Yöneticilerin istifaları cepte
Daha Lincoln, Nonda, Mehmet Topal, Keita’dan bahsetmedik. Haldun Üstünel’in istifası büyük bir deprem. Çarpıklıklara göz yummamak için istifa etti. Taraftar, değil kombine almak maç bile seyretmeyeceğini söylüyor. Eskişehir’den gelen 3 puan kimseyi umutlandırmadı. Maçı Galatasaray Kalamış Tesisleri’nde seyrettim. 3-1’lik üstünlükte bile herkesin endişesi yüzünden okunuyordu. Takımın oyunu ümit vermiyor. Anlayan için “0” TL fiyatlı kapalı biletleri elden ele dolaşıyor! Yönetim içinde başta Cemal Özgörkey olmak üzere istifası hazır isim çok. Pazarlama A.Ş.’deki görevinden istifa eden Özgörkey’in arkasından ciddiyetle, “Prosedür icabı herkes istifa ediyor” cevabını veren Başkan’a sormazlar mı; “Neden o zaman Pazarlama A.Ş.’den sadece Cemal Özgörkey ve Murat Canaydın istifa etti? Diğerleri yönetim kurulunda değil mi?”. Çaresizlik insanları ne hallere düşürüyor, yazık!

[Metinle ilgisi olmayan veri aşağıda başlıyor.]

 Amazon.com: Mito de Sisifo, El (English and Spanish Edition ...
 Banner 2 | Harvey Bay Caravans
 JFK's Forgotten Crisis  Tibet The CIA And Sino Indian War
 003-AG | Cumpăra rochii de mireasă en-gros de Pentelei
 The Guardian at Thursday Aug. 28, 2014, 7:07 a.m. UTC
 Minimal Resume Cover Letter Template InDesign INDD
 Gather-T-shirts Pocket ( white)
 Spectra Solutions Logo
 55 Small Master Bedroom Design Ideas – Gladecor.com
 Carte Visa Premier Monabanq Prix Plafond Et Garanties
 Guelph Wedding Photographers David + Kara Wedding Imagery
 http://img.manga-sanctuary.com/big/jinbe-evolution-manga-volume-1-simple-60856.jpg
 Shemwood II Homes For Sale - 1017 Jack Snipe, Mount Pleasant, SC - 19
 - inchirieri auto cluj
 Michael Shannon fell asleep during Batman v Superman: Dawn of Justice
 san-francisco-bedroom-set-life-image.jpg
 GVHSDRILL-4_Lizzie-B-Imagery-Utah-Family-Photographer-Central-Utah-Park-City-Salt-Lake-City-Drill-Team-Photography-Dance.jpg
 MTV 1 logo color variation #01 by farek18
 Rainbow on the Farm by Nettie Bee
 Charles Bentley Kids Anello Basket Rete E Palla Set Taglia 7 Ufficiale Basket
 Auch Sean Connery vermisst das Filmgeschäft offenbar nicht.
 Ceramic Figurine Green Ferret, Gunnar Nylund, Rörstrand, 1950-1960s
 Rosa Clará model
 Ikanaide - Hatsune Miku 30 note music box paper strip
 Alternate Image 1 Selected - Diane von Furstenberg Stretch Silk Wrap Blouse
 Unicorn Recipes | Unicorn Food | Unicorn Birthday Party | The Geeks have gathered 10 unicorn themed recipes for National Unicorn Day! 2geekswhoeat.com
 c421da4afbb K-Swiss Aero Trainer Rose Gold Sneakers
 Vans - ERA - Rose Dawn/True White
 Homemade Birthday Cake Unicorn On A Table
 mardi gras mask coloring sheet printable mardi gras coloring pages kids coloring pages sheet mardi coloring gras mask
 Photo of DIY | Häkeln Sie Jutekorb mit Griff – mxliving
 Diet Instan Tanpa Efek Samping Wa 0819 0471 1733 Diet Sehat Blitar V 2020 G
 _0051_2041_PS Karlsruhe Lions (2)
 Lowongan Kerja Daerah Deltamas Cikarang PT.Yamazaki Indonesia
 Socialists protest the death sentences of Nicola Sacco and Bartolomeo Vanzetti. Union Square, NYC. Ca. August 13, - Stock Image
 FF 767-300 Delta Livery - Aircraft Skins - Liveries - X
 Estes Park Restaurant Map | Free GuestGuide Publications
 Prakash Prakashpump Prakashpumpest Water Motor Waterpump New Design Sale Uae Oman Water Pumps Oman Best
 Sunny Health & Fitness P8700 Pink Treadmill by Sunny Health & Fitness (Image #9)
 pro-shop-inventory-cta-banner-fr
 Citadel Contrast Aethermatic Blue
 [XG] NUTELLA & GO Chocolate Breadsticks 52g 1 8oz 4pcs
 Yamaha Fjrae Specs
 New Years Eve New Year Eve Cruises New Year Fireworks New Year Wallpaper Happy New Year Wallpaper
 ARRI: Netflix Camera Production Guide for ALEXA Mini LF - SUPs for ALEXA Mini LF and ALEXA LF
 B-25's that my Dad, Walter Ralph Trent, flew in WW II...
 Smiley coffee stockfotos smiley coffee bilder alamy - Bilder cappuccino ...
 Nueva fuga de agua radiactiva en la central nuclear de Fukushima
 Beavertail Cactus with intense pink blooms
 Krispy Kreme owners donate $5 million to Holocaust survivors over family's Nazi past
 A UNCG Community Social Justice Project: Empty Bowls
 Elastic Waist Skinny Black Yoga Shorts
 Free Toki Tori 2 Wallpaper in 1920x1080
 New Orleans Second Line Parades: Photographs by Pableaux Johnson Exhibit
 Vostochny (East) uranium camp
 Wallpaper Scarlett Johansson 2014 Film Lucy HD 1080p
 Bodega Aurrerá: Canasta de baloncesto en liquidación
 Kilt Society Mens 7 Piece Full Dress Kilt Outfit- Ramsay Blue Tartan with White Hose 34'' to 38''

Galatasaray’ı anlamak gerek
Hataları saymaya yerimiz yetmez. Tabii ki insan kendi ekibiyle çalışmak ister ama burası siyaset yapma yeri değil ki, Galatasaray. Bunu bilmeniz gerek. Galatasaray’ı Galatasaray yapan istikrar ve sürekliliktir. İnsanlar değişse bile Galatasaray’da çok fazla şey değiştirilmez, ayıp karşılanır. Senin adamın, benim adamım yoktur, camianın adamı vardır. Bu bilinci unutursanız insanı önce 5’inci, sonra üçüncü, en sonunda da rezil ederler.